Kutarajapost – Sebanyak 29 nelayan asal Aceh yang tertangkap oleh Angkatan Laut Thailand karena melintasi batas wilayah Indonesia beberapa waktu lalu, didenda. Setiap anak buah kapal (ABK) dikenai denda sebesar 3.000 hingga 5.000 bath, setara dengan sekitar Rp2,1 juta.
Kepala Dinas Kelautan dan Perikanan (DKP) Aceh, Aliman mengatakan, denda yang dijatuhkan kepada para nelayan tersebut jumlah bervariasi tergantung pada peran dan posisi masing-masing ABK dalam kapal.
“Berdasarkan putusan sidang oleh otoritas Thailand, mereka didenda 3.000-5.000 bath per ABK,” kata Aliman, Kamis (31/8/2023).
Menurut Aliman, denda yang dijatuhkan kepada para nelayan tersebut berbeda-beda, sesuai dengan peran dan posisi masing-masing ABK. Rinciannya belum disampaikan oleh pihak Thailand.
“Sejauh ini kami baru mendapatkan informasi dari yang mengikuti sidang. Kalau salinan keputusan resmi belum diberikan kepada pemerintah Indonesia,” ujarnya.
Sebelumnya, dua kapal pukat ikan dengan 29 orang nelayan asal Aceh tertangkap angkatan laut atau petugas penjaga pantai di Thailand, karena diduga telah memasuki batas teritorial laut negara tersebut, Sabtu (26/82023).
Para nelayan tersebut berasal dari wilayah Aceh Timur, mereka berangkat melaut pada Rabu (23/8) lalu menggunakan kapal KM Cahaya Putra dan KM Salsabila.
Aliman menyampaikan, berdasarkan sidang yang sudah berjalan di sana, dari salah satu kapal yakni KM Salsabila ditemukan adanya ikan, sedangkan dari KM Cahya Putra tidak ditemukan bukti pencurian ikan.
“Dari salah satu kapal itu ditemukan ada ikan di dalamnya dan itu juga didenda, sedangkan satu lagi tidak ada ikan, semoga kapalnya bisa dibebaskan,” ujarnya pula.

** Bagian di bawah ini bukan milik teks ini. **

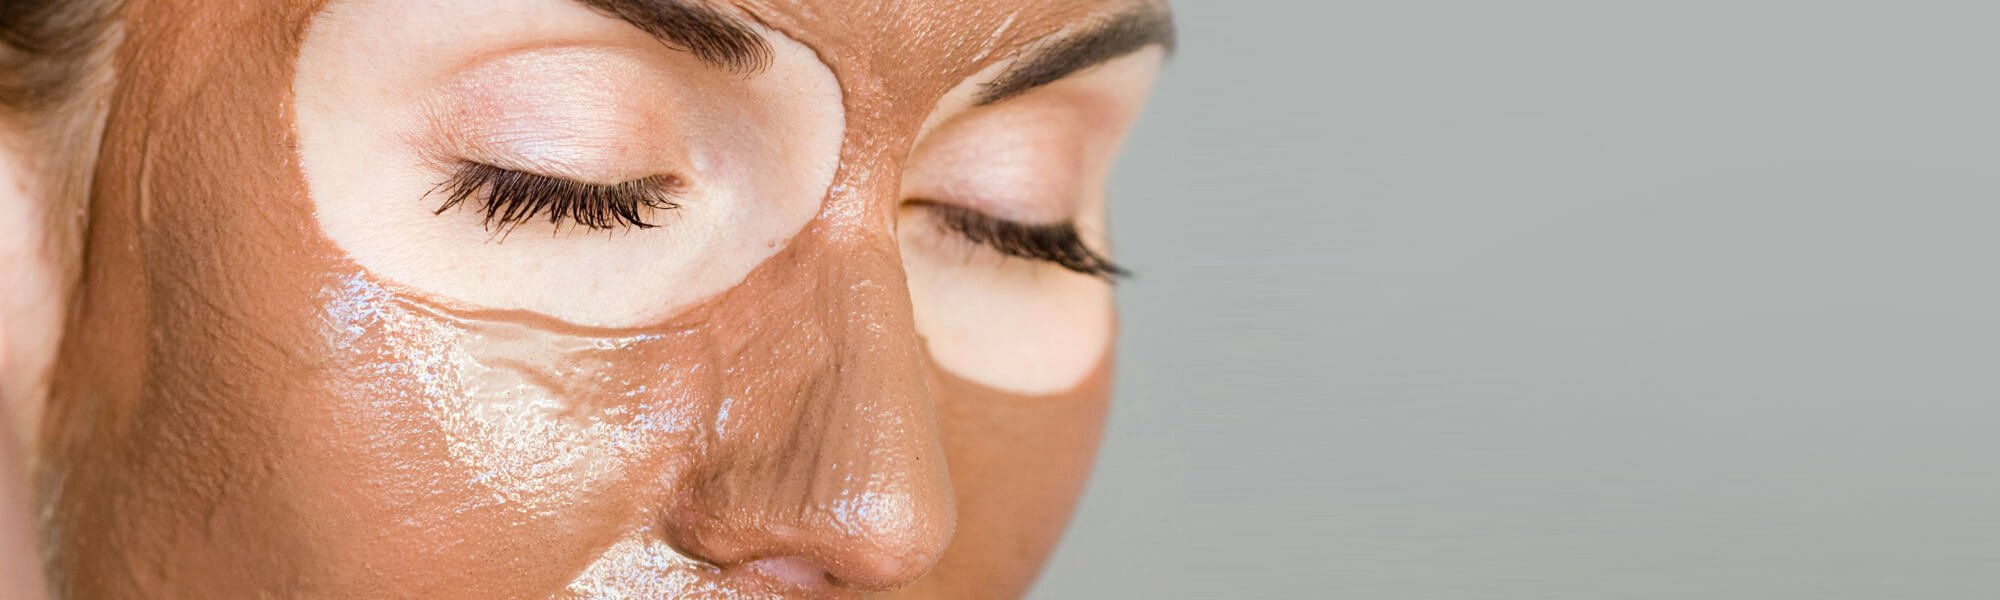 Ready To Join The Face Mask Craze Article

Aliman menuturkan, berdasarkan informasi yang diterima dari Kementerian Kelautan dan Perikanan (KKP) RI, 29 nelayan tersebut masih dalam kondisi sehat, dan ditahan di tempat yang layak serta mendapatkan penjagaan dari pihak keamanan setempat.

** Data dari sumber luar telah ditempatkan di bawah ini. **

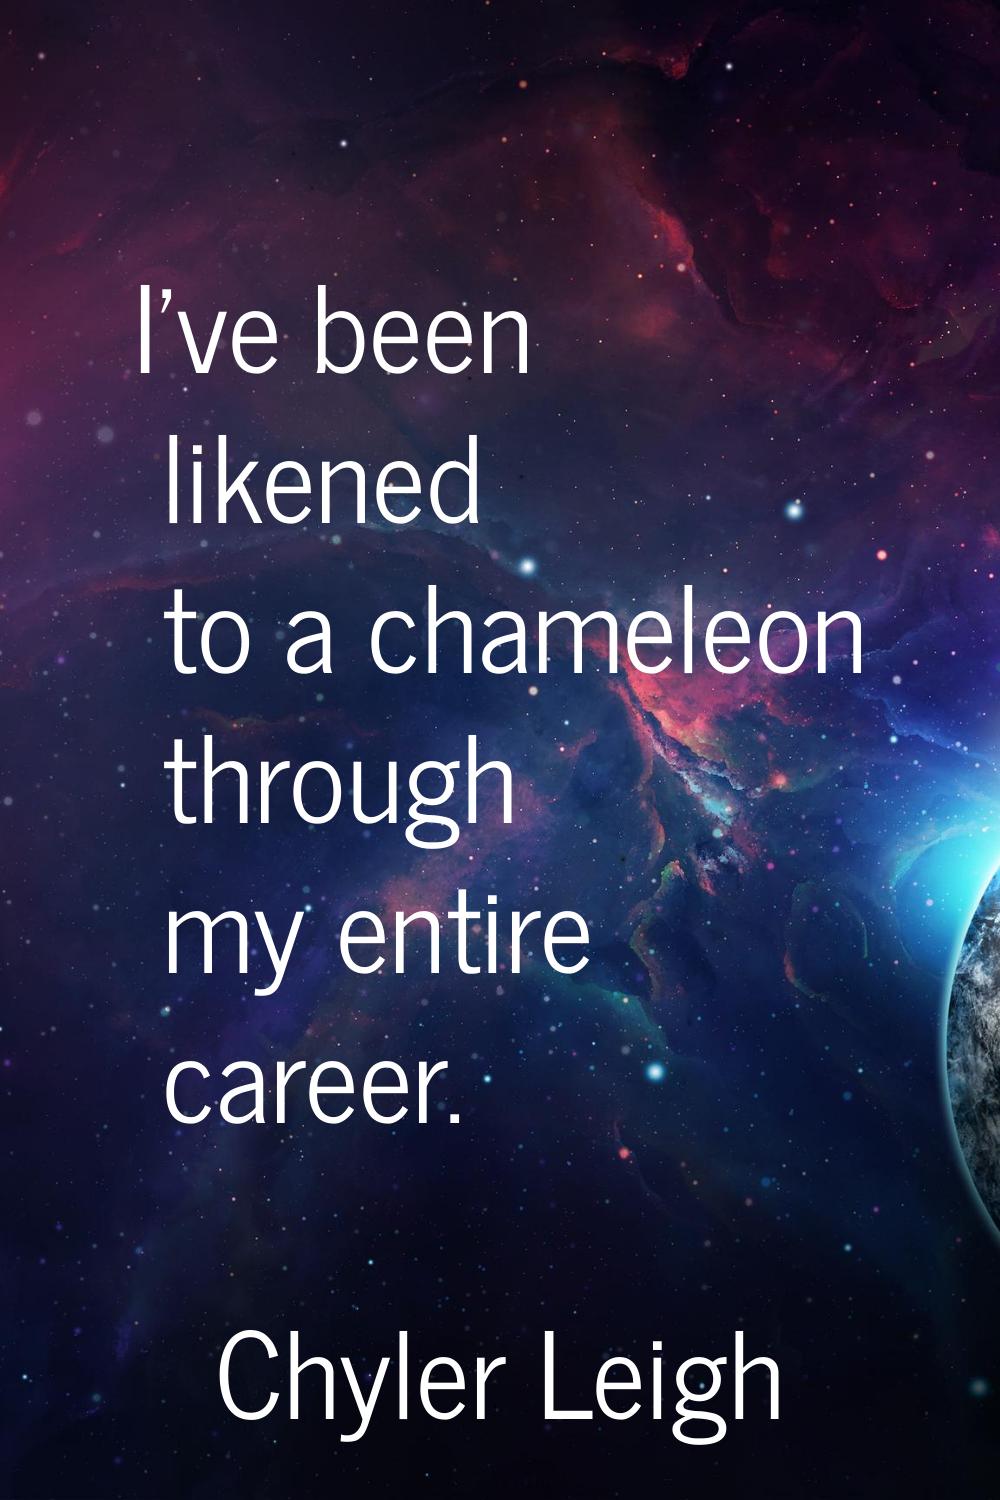 I've been likened to a chameleon through my entire career.

Dia berharap, para nelayan Aceh beserta kapal tersebut dapat dibebaskan semuanya. Sehingga para nelayan bisa kembali menggunakan jalur laut, dan prosesnya bisa lebih cepat.

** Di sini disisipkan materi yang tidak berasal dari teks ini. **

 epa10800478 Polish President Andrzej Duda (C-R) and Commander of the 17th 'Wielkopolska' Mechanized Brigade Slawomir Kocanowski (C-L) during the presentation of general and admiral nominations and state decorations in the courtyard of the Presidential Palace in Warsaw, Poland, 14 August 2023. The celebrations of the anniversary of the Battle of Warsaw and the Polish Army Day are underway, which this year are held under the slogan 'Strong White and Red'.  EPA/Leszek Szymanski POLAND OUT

Karena, jika mereka dipulangkan via penerbangan, maka prosesnya membutuhkan waktu lama, mengingat para nelayan tidak memiliki paspor dan dokumen pendukung lainnya.
“Kalau lewat udara panjang urusannya, apalagi mereka tidak punya paspor, dokumen, kalau lewat laut bisa lebih cepat, itu harapan kami,” katanya lagi.
Aliman menambahkan, terkait penanganan para nelayan Aceh tersebut, pihaknya telah menyurati KKP RI agar dapat membantu dan mengadvokasi warga Aceh tersebut.
Kami juga sudah menyurati KKP RI dengan harapan bisa difasilitasi, mengawal, serta memantau perkembangan di sana. Kami terus berupaya agar mereka segera dipulangkan ke Aceh,” demikian Aliman.